Exercise objective:
Please restate each line of the material word for word and omit any pictures.

Exercise data:
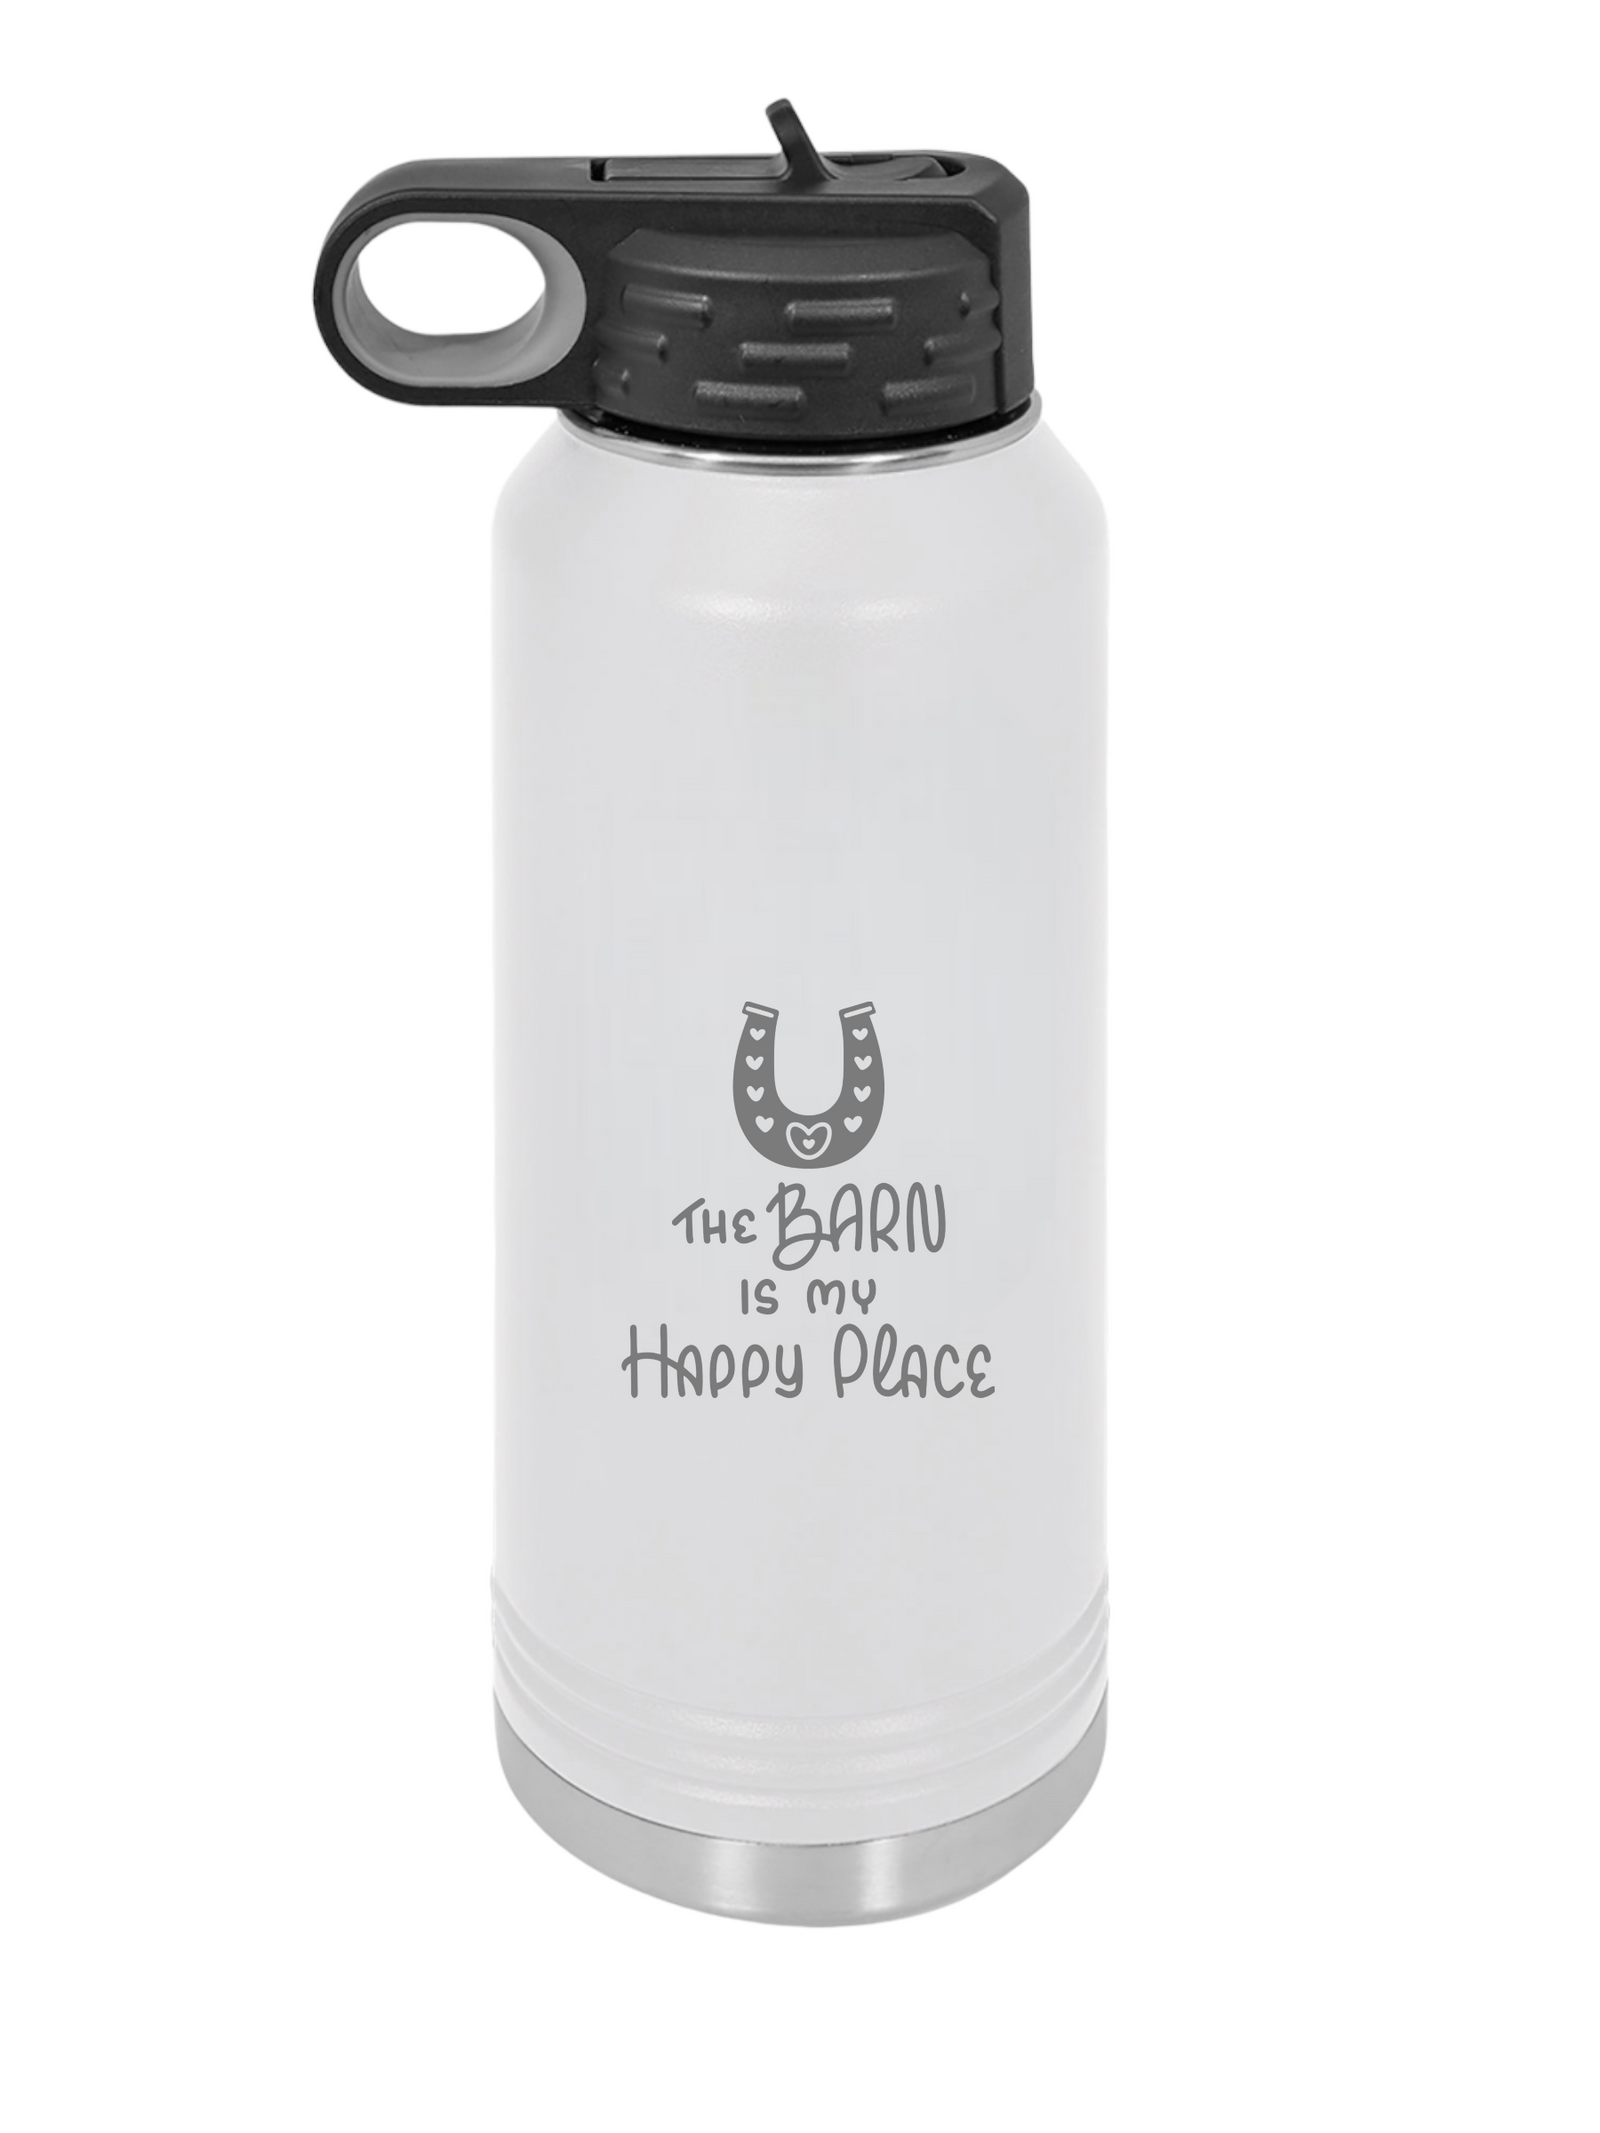 Horse Engraved Water Bottle
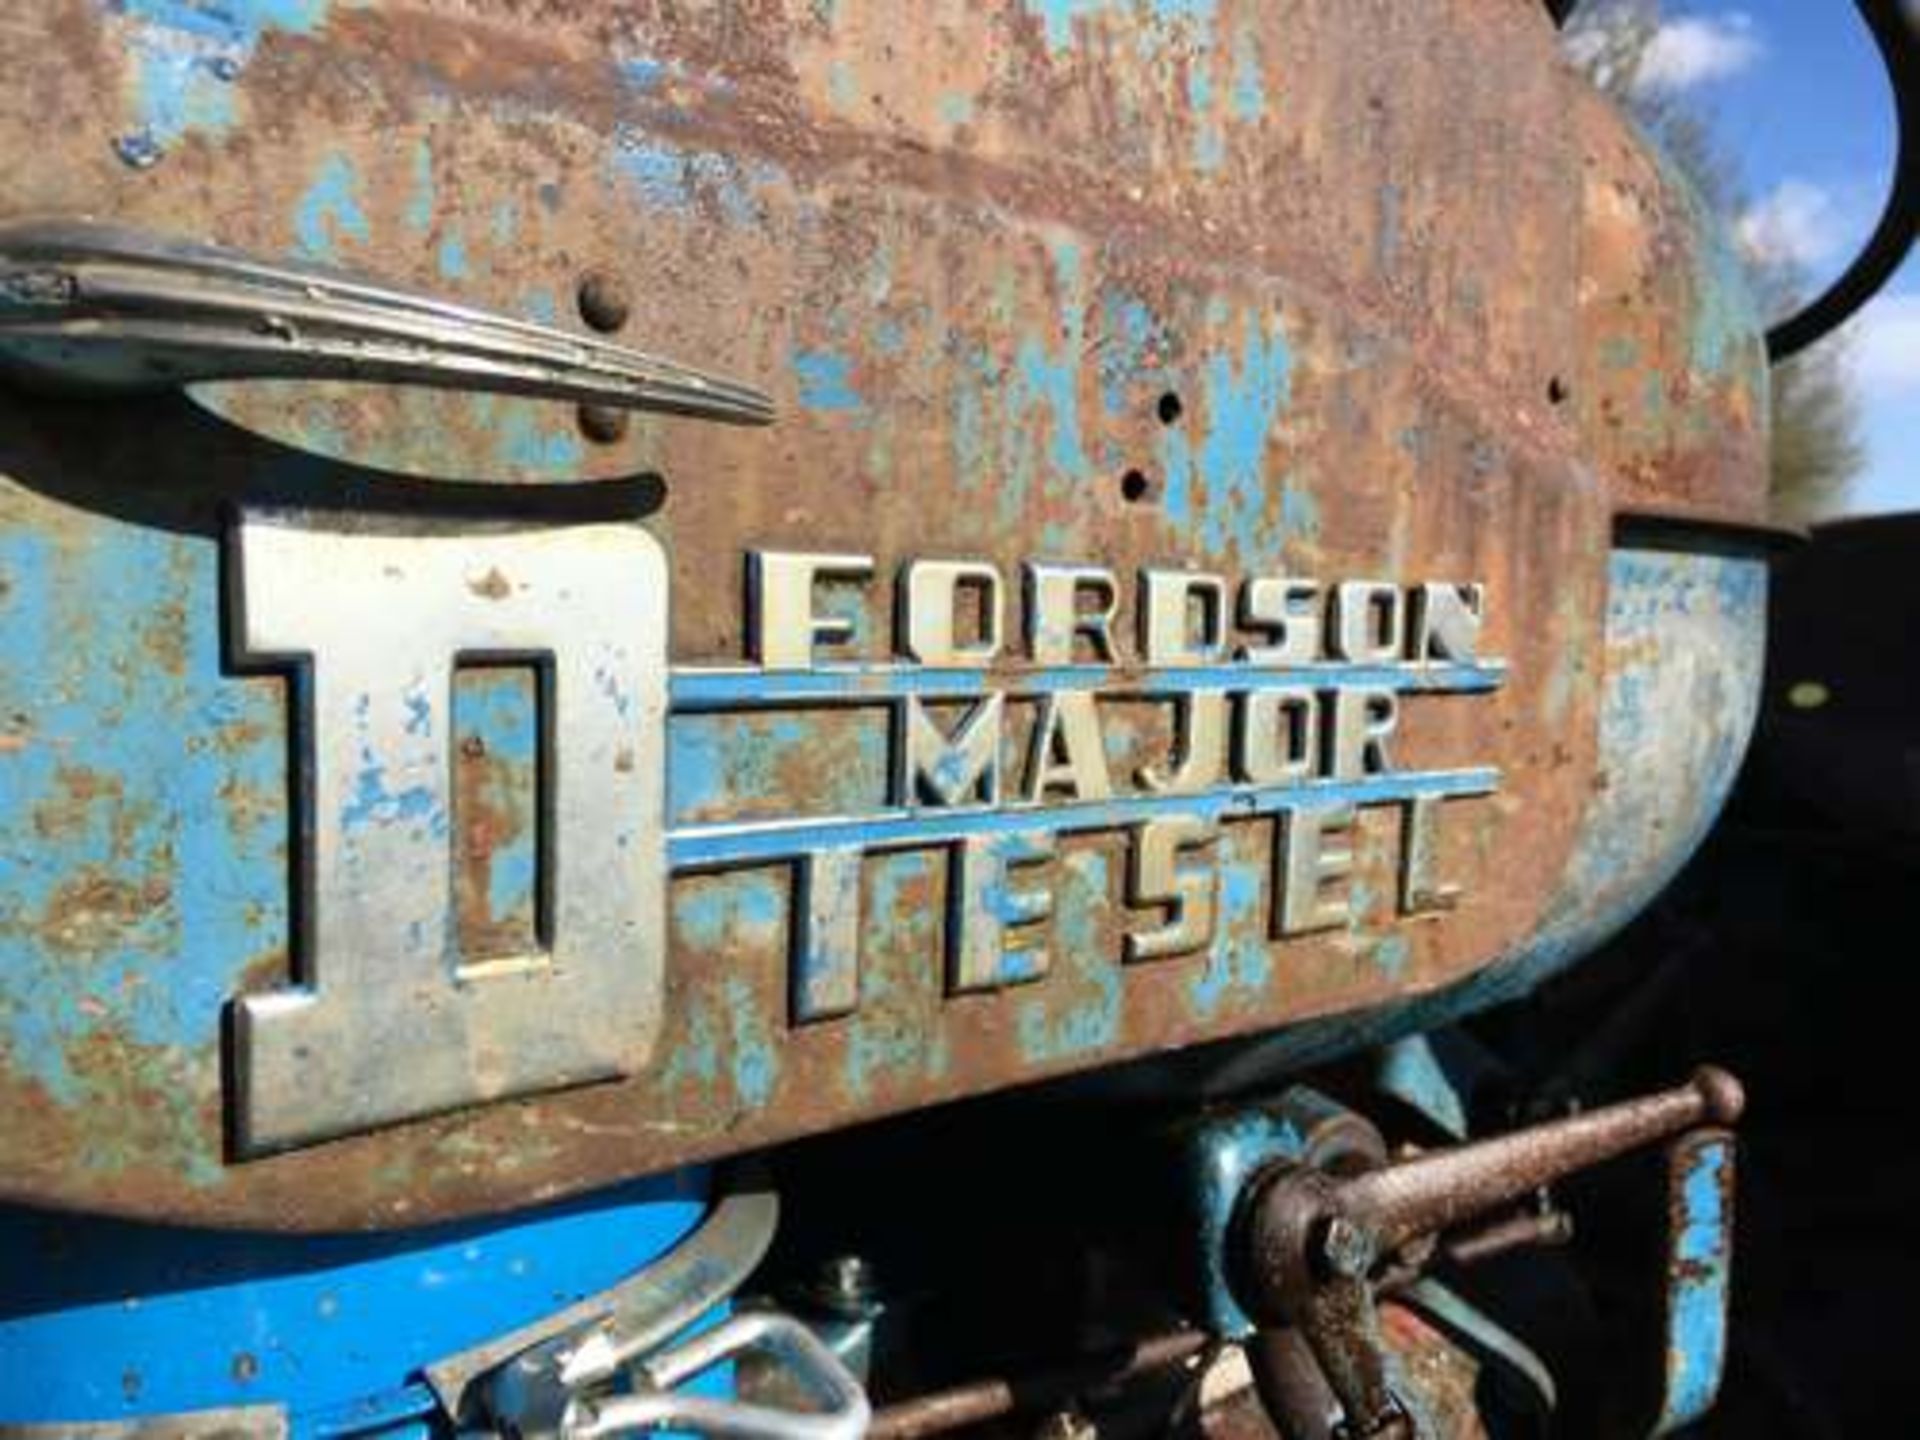 1954 Fordson Major Diesel Tractor - Image 15 of 17
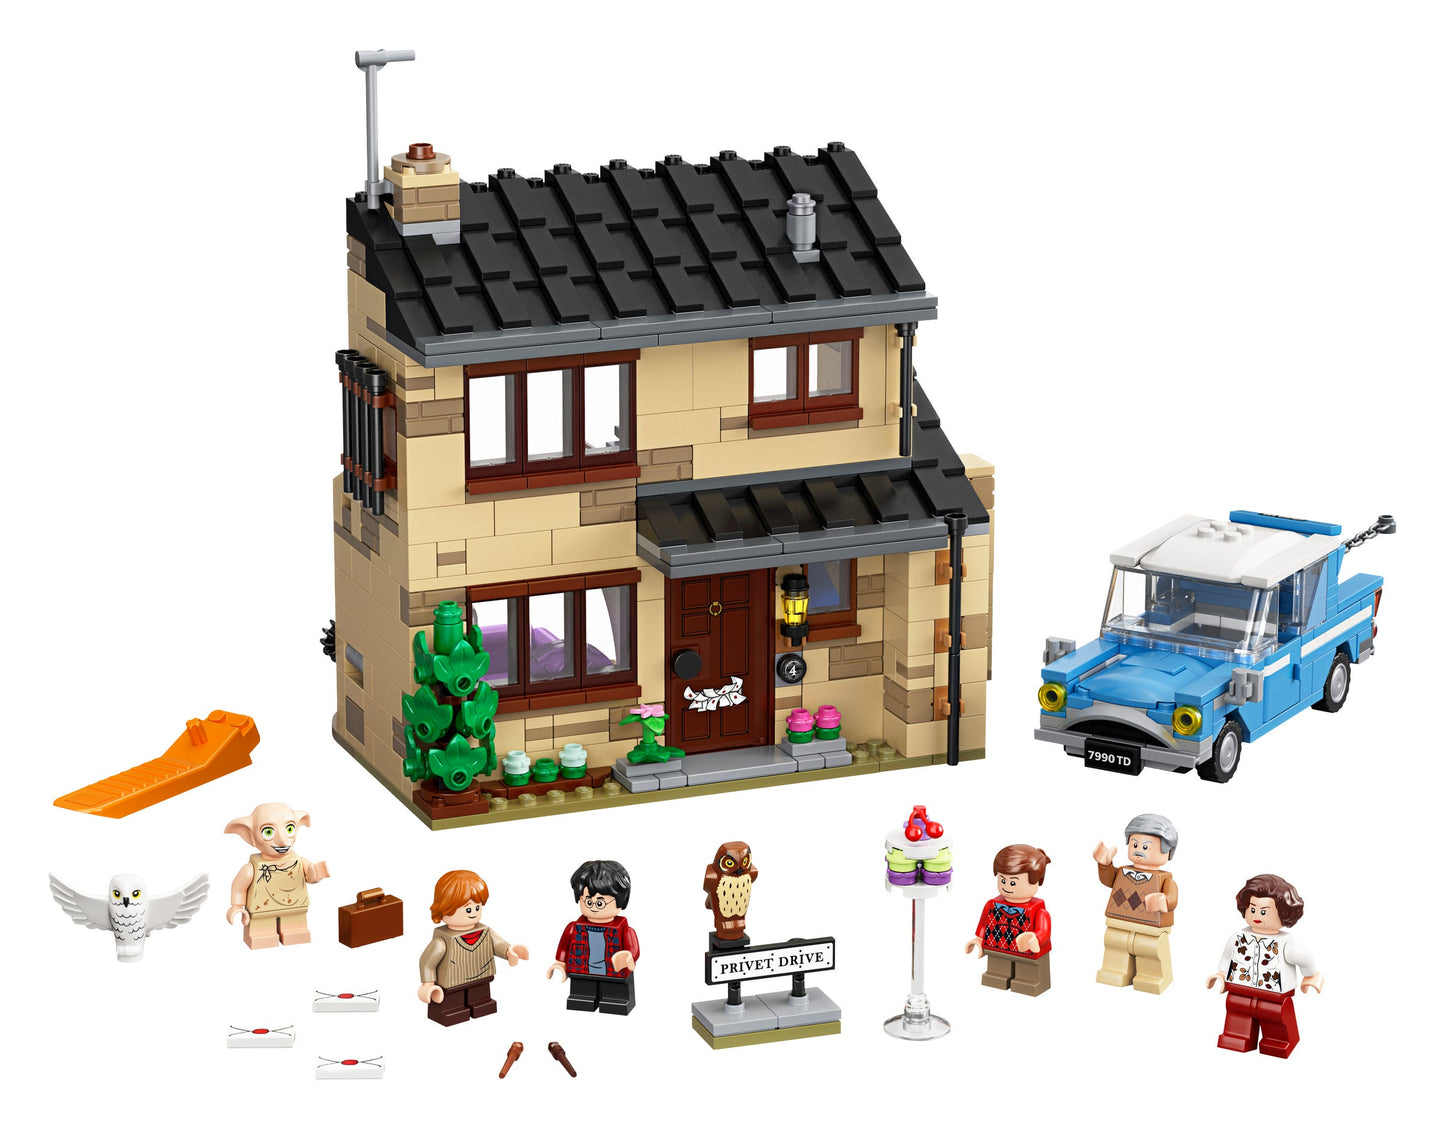 LEGO Harry Potter 4 Privet Drive 75968

Written reply:
 Horse Engraved Water Bottle
 1954 Fordson Major Diesel Tractor - Image 15 of 17
 LEGO Harry Potter 4 Privet Drive 75968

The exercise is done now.